Source: Resident, nursing staff, medical records, and granddaughter.
Chief Complaint: Nursing staff is concerned about new red linear
rash on resident’s chest. Rash has appeared within past two days, and
nursing staff has noticed resident scratching chest. There has been a
recent outbreak of scabies at the nursing home, however, the
outbreak was not on this resident’s floor, and she has received one
KWELL treatment one week ago.

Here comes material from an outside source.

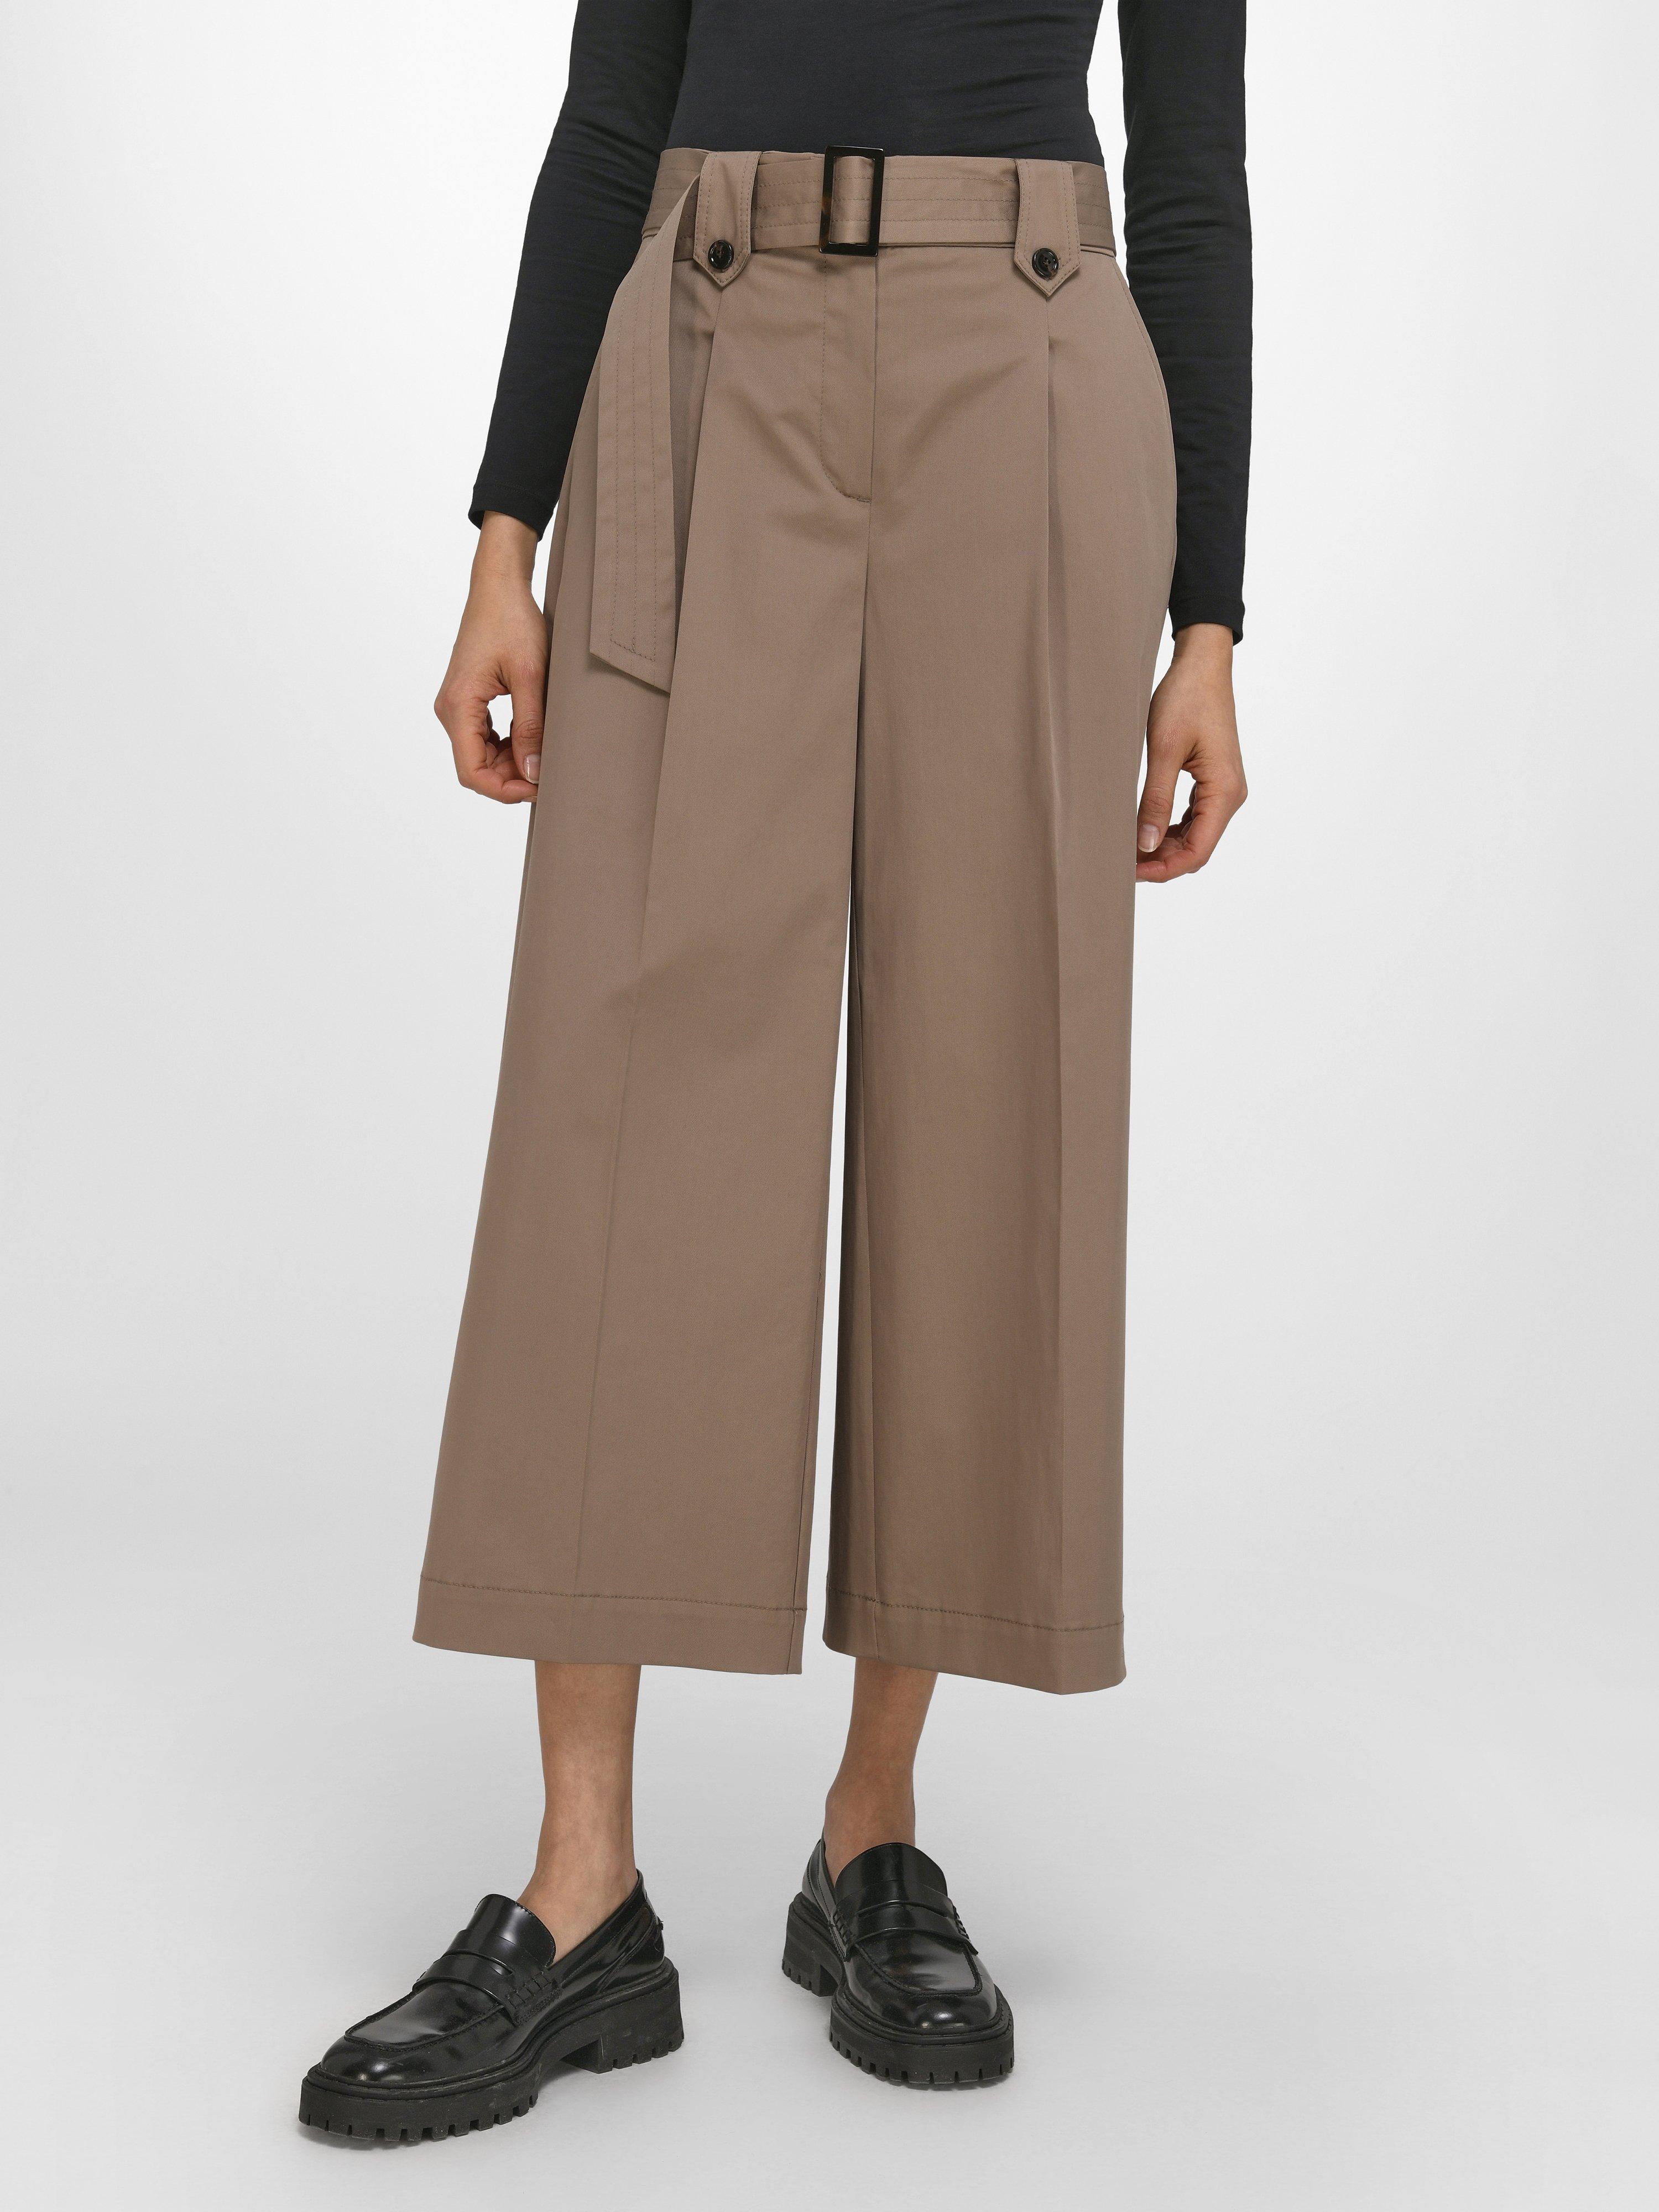 BASLER - La jupe-culotte large ceinture

Resident has had no known exposure
to any residents or staff infected with scabies.
Past Medical History:
General Health: Good.
Childhood Illnesses: No information.
Immunizations: 5/88 neg. mantoux, 11/92 vaccine.
Adult illnesses: 3/90 disseminated herpes zoster.
Psychiatric Illnesses: None.
Operations: R cataract extraction with implant, 1979
Injuries: Hx of fractured wrist due to fall (again, unable to determine
from the records the exact date, or which wrist, granddaughter states
it was about 1986) forehead laceration due to fall, 7/90.
Hospitalizations: Childbirth x 3, 3/90 for above mentioned
disseminated herpes zoster and for cataract operation.
Medications:
Sorbitol 30cc op BID
Lasix 40mg op DQ
Xanax .125mg QD
Niacin 50mg po QD
Dulcolax supp. One PR QD PRN
Lotrimin Cream topical PRN
Chlortrimentin 4-8mg po Q 6 hours PRN
MOM 15-30cc po QD PRN
Allergies: Keflex, Penicillin, Dyazide (unable to determine from records
what type of reaction resident had to these drugs). Has adverse
reaction to Haldol, Mellaril, Ativan. Resident also has hay fever.
Habits:
Diet: Resident is a total feed. Receives three meals a day in the dining
room at the N.H.
Exercise: Resident is wheelchair bound, has received P.T. and O.T. in
the past.
ETOH: Never.
Tobacco: Never.
Sleep: Nursing staff reports that resident takes two naps during the
day and appears to sleep well during the night.
Family History:
Mother died age 70s had breast CA and CHF.
Father died age 70s had CHF and MI.
One brother died in infancy, accidental death.
One brother age 70s healthy.
One brother age 70s had mental illness and seizures.
One sister died age 60s accidental death.
One sister died age 50s cervical CA.
One daughter age 63 healthy except for hay fever.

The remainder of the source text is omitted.